When a matrix is given as an input to a scikit-learn model, the model takes the columns as features and the rows as data samples. In the same way, when fitting a OneHotEncoder to a data matrix, it encodes each column _i_ separately in an array of length _n_ _ _i_, where _n_ _ _i_ is the number of distinct values the column.

The following example shows how to encode a numpy matrix and a numpy vector with OneHotEncoder.

In [23]:
import numpy as np
from sklearn.preprocessing import OneHotEncoder

data = np.array([[1, 2], [0, 4], [2, 0]])
print(data)

[[1 2]
 [0 4]
 [2 0]]


In [24]:
enc = OneHotEncoder()
enc.fit(data)
enc.n_values_
encoded = enc.transform(data)
print(encoded.toarray())

# If vector c is a non-categorical feature, we can just append it to the encoded categorical data as follows
# .toarray() must be used!
c = np.array([[1], [0], [3]])
d = np.concatenate((encoded.toarray(), c), axis=1)
print(d)

# todo: compare with pd.factorize

[[ 0.  1.  0.  0.  1.  0.]
 [ 1.  0.  0.  0.  0.  1.]
 [ 0.  0.  1.  1.  0.  0.]]
[[ 0.  1.  0.  0.  1.  0.  1.]
 [ 1.  0.  0.  0.  0.  1.  0.]
 [ 0.  0.  1.  1.  0.  0.  3.]]


So the values in column 0 go up to value 2, which gives a maximum of 3 possible values (including the zero). Column 1 goes up to 4, which result sin 5 possible values. Therefore, an encoded sample of the data will be represented with 8 binary digits: 3 for the first feature, and 5 for the second. Anyway, in our example data feature 2 is missing two values: 1 and 3, so the encoder will have 6 digits in total, instead of 8. An example follows.

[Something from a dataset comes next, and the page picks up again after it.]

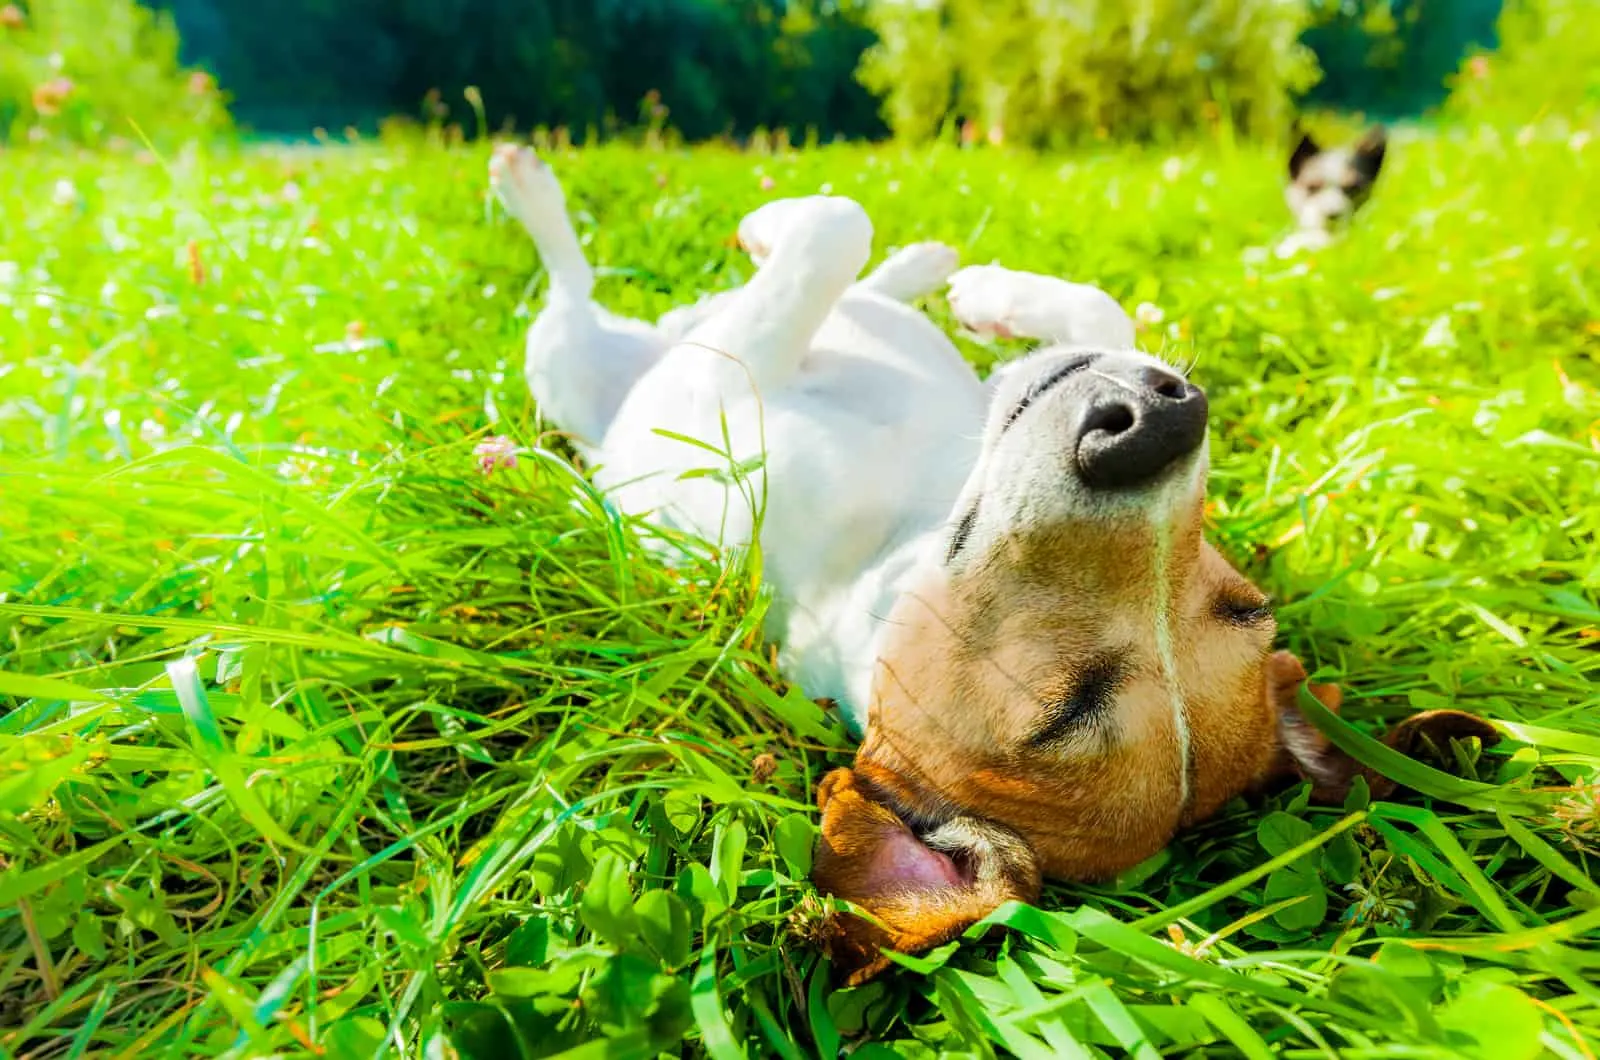 terrier lies in grass

new_sample = np.array([[0, 2]])
enc_sample = enc.transform(new_sample).toarray()
print(enc_sample)

If we use a non-existing value in feature 2 (which is still smaller than the maximum value), the value is not encoded, resulting in all zeros:

In [26]:
enc.transform(np.array([[0,3]])).toarray()

array([[ 1.,  0.,  0.,  0.,  0.,  0.]])

Using a value which is larger than the maximum value in the feature to which the encoder is fitted, the transform method throws an error: "ValueError: : unknown categorical feature present [9] during transform".

In [27]:
# enc.transform(np.array([[0,9]])).toarray()

## Encoding pandas dataframe with OneHotEncoder

In [28]:
import pandas as pd

df = pd.DataFrame({'a': [0, 2, 3, 1], 'b': [0, 5, 2, 1]}, columns=['a', 'b'])
df

Unnamed: 0,a,b
0,0,0
1,2,5
2,3,2
3,1,1


In [29]:
enc.fit(df)

OneHotEncoder(categorical_features='all', dtype=<class 'numpy.float64'>,
       handle_unknown='error', n_values='auto', sparse=True)

In [30]:
enc.n_values_

array([4, 6])

Both features in a and b columns have 4 distinct values, so the encoder will use 8 digits in total to represent a sample.

In [31]:
new_sample = pd.DataFrame({'a': [2], 'b': 5}, columns=['a', 'b'])
enc.transform(new_sample).toarray()

array([[ 0.,  0.,  1.,  0.,  0.,  0.,  0.,  1.]])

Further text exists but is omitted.